*** Opening of GIVEN DATA ***
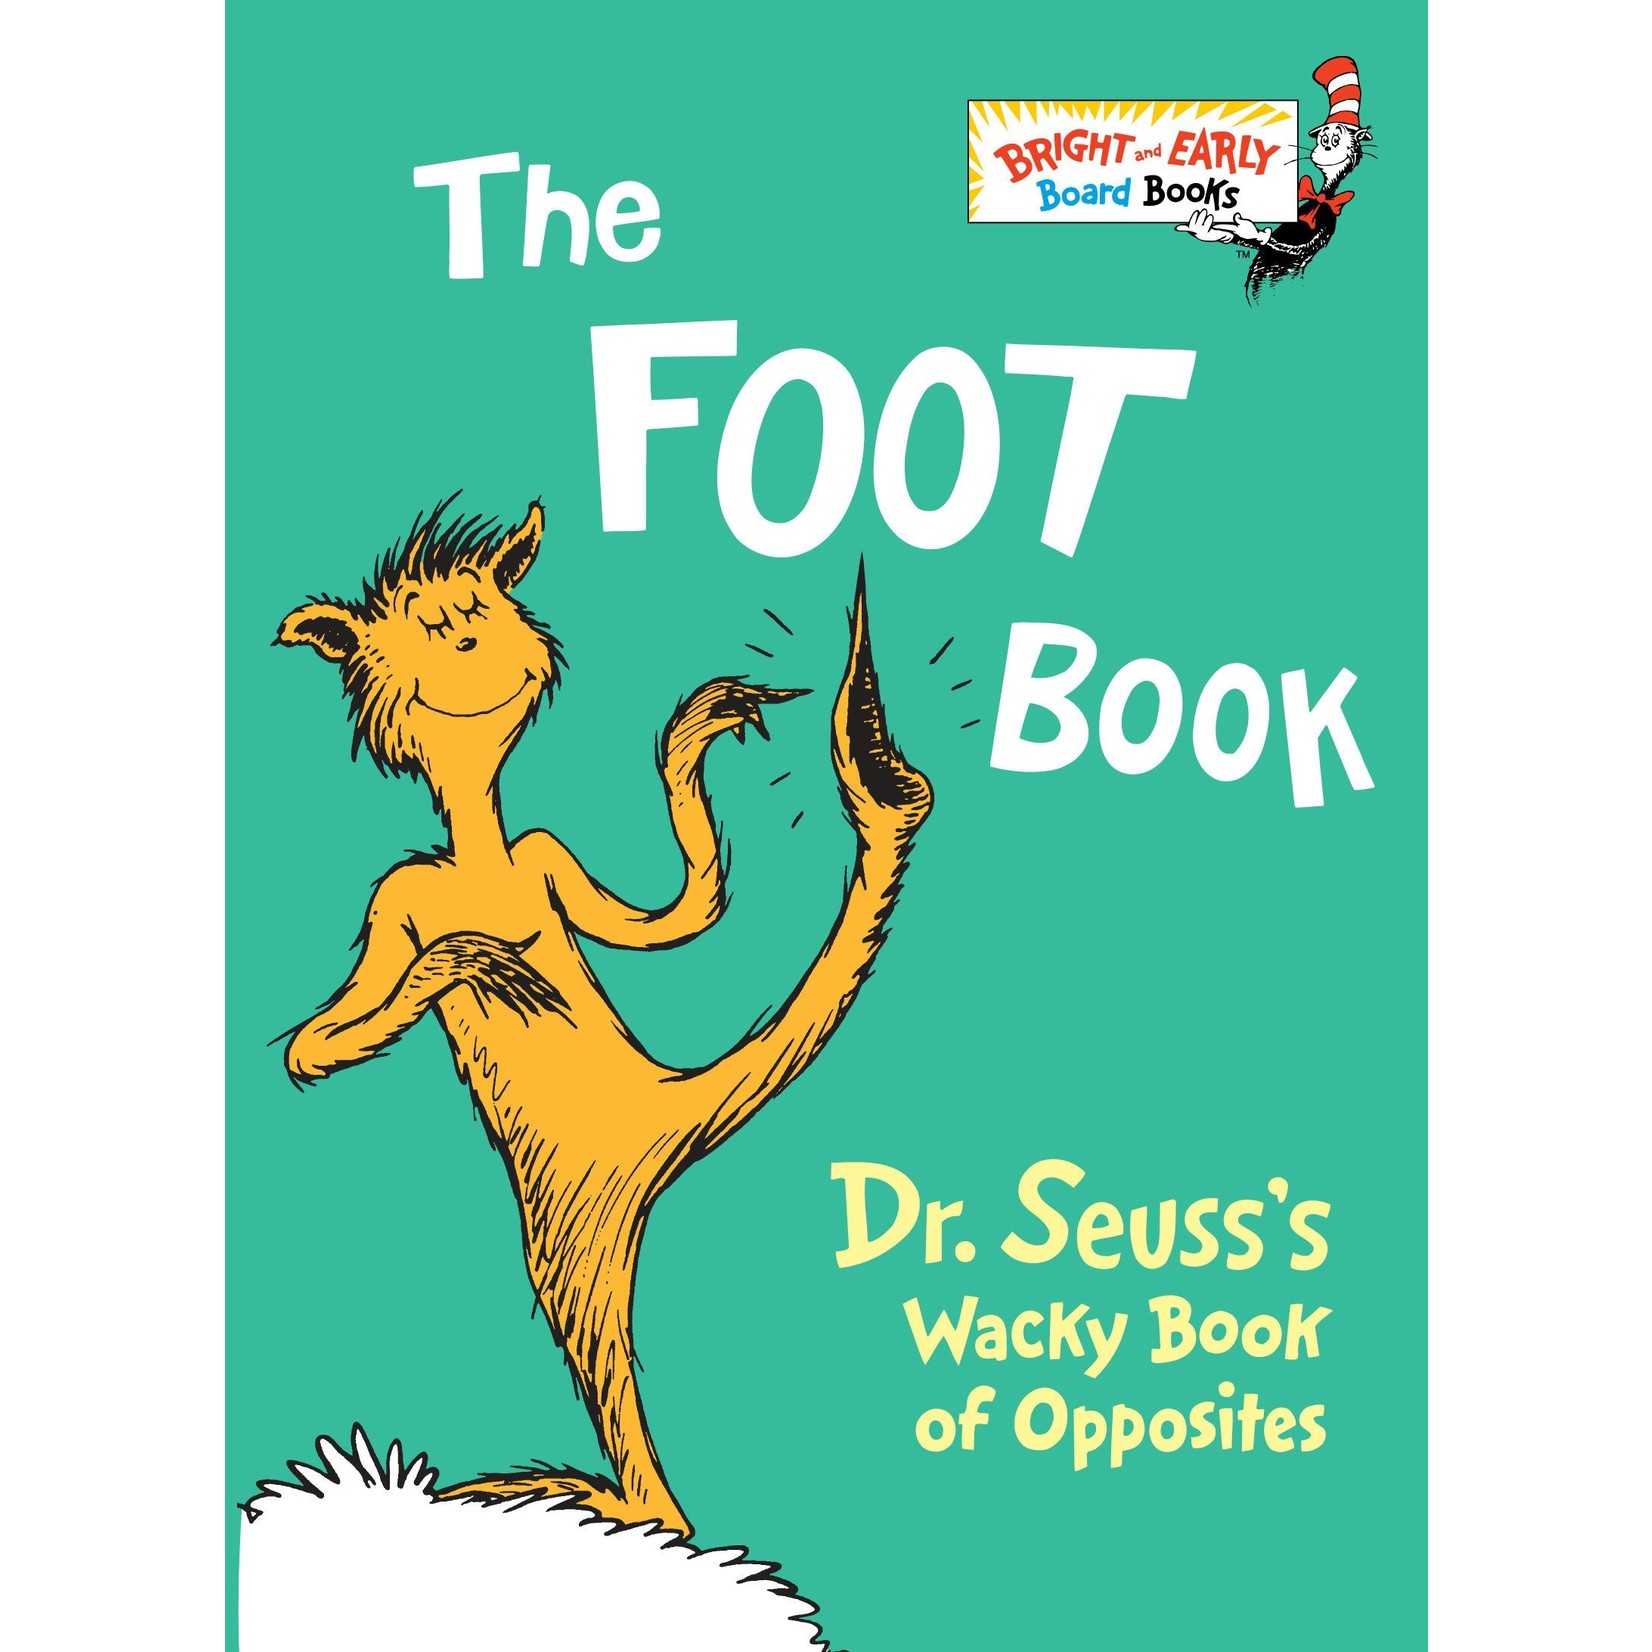 Dr. Seuss The Foot Book
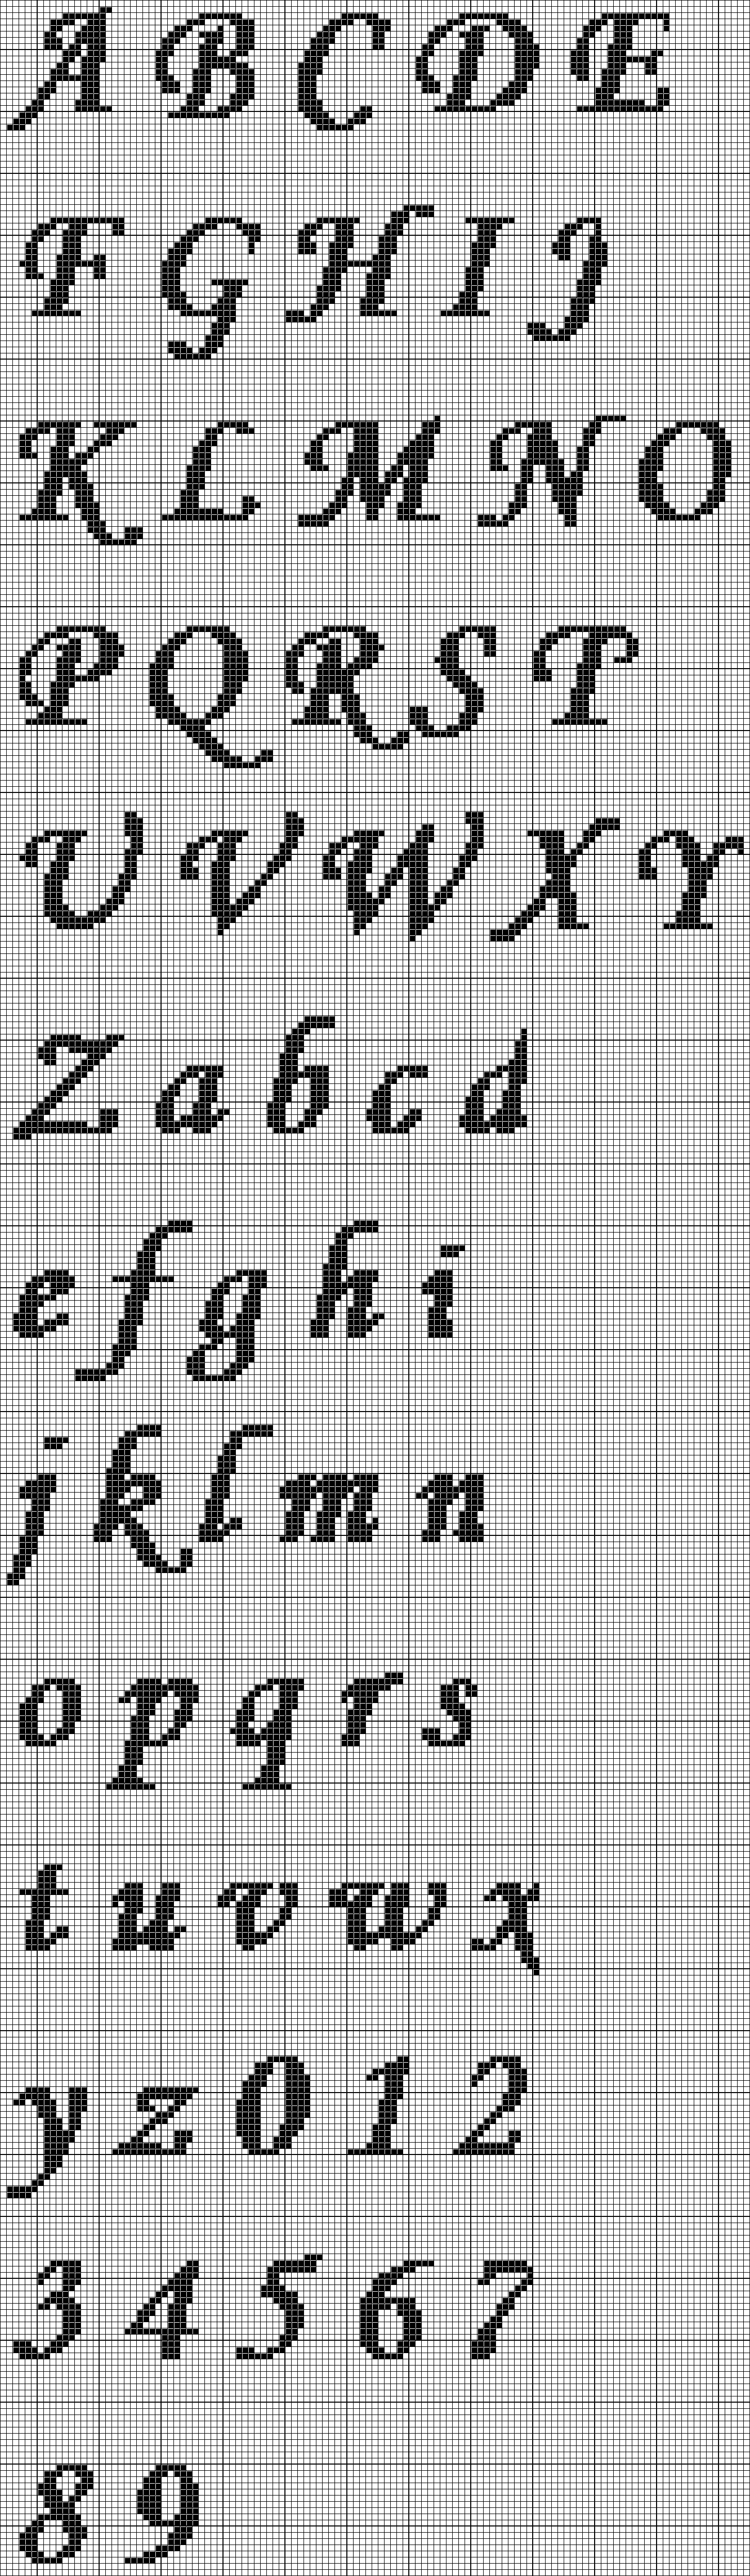 Free Cross Stitch Patterns Alphabet
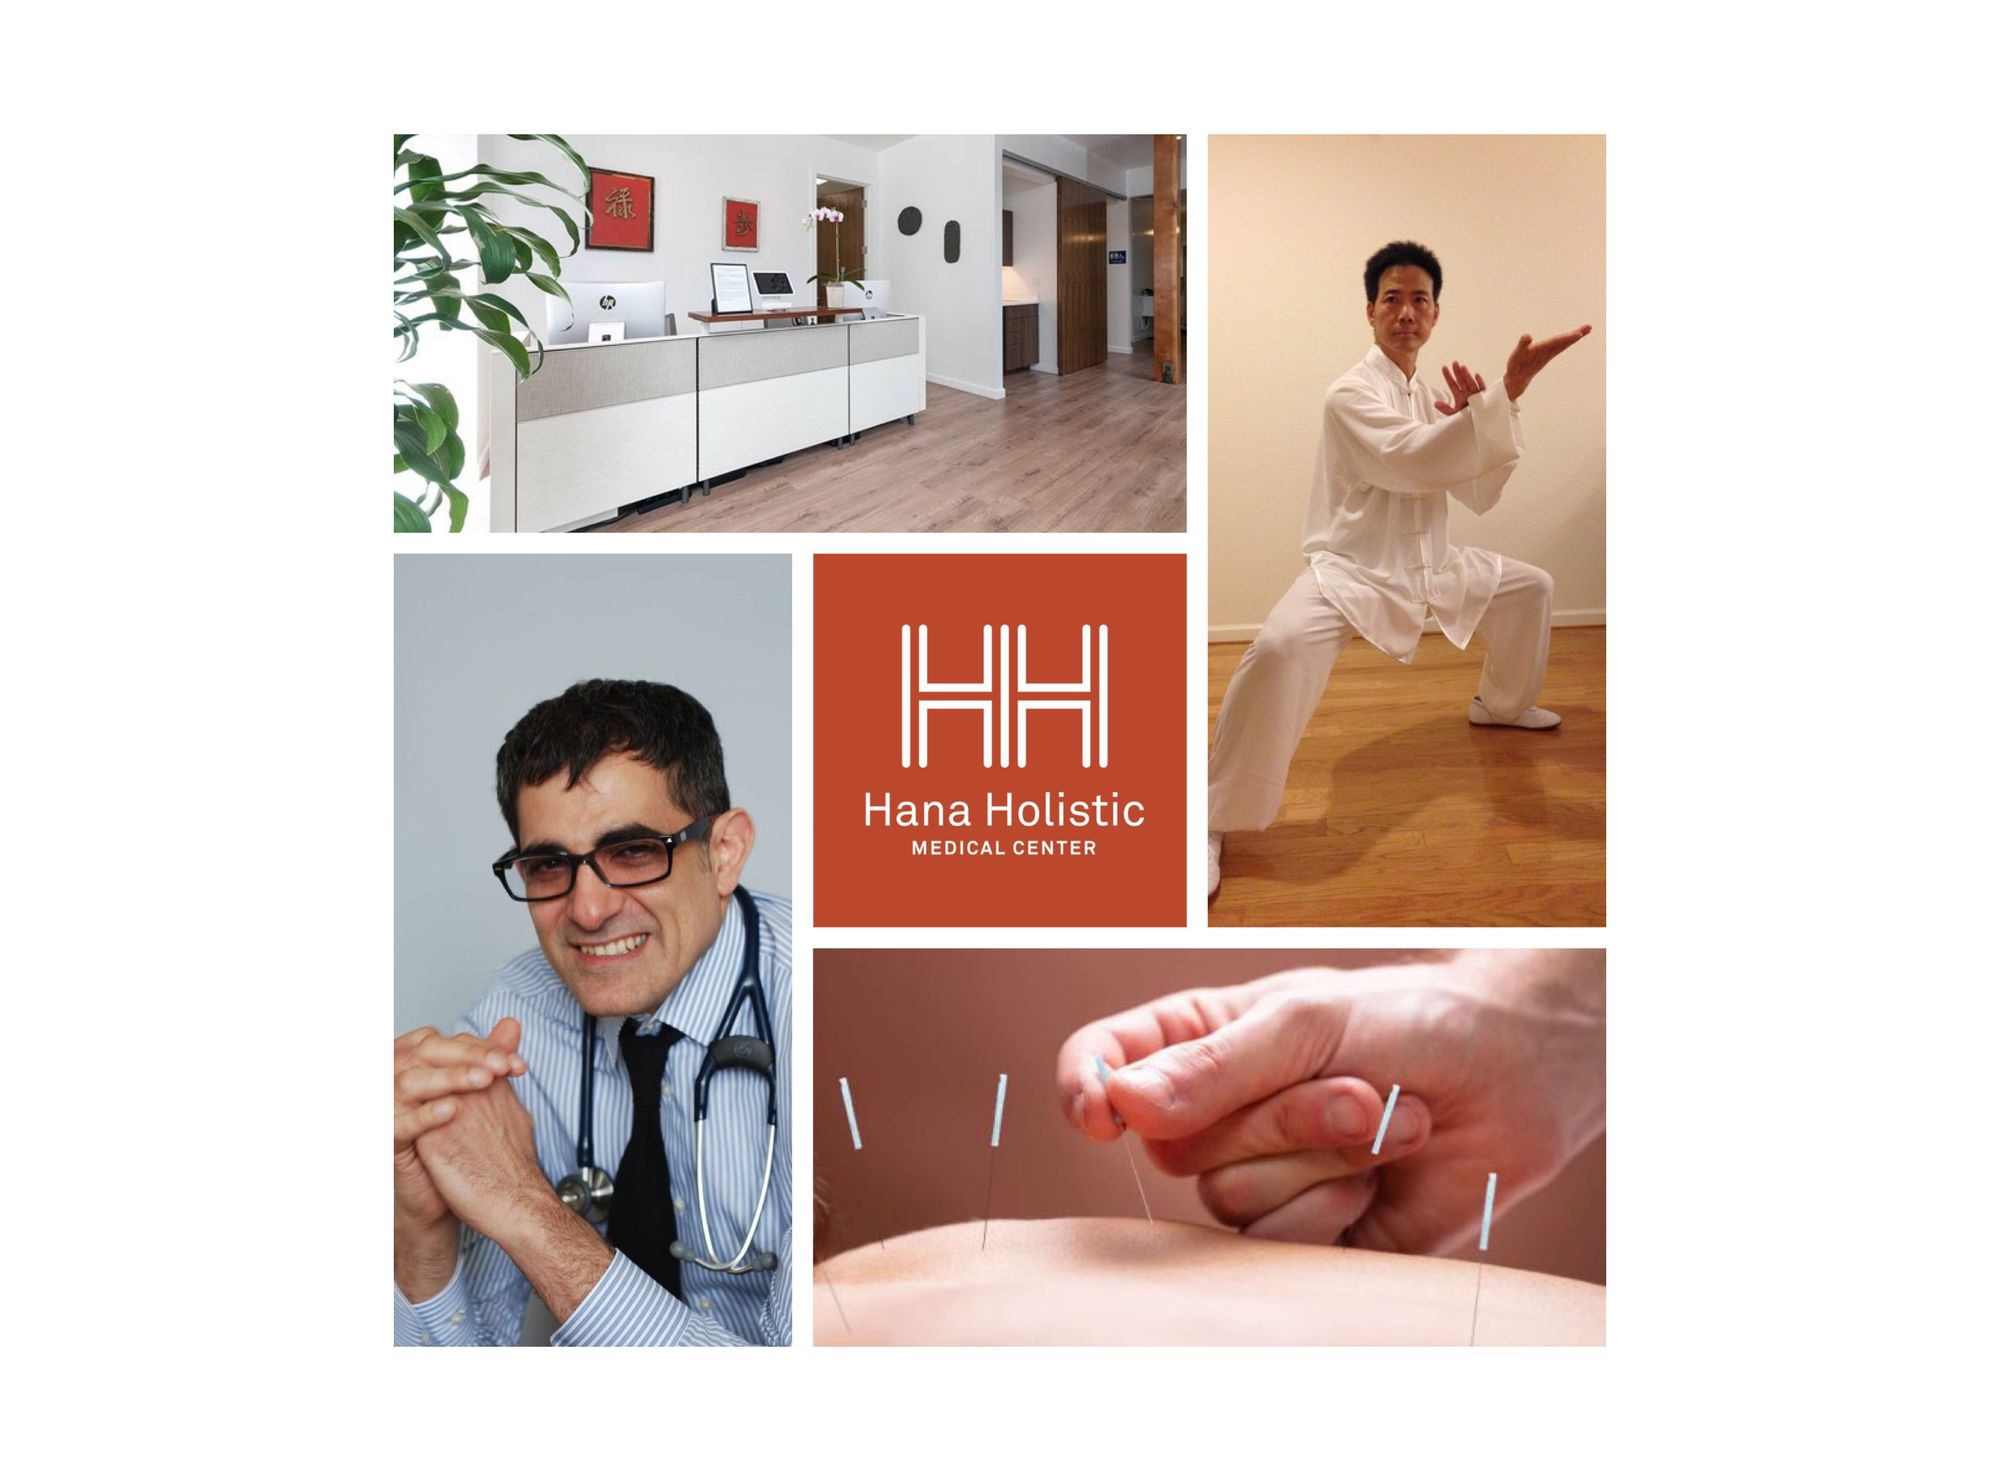 For a Better Health - Hana Holistic Medical Center
*** Close of GIVEN DATA ***
**YOUR ASSIGNMENT:**
An exact reproduction of the material above is needed, without its pictures.

**RESPONSE:**
 Dr. Seuss The Foot Book
 Free Cross Stitch Patterns Alphabet
 For a Better Health - Hana Holistic Medical Center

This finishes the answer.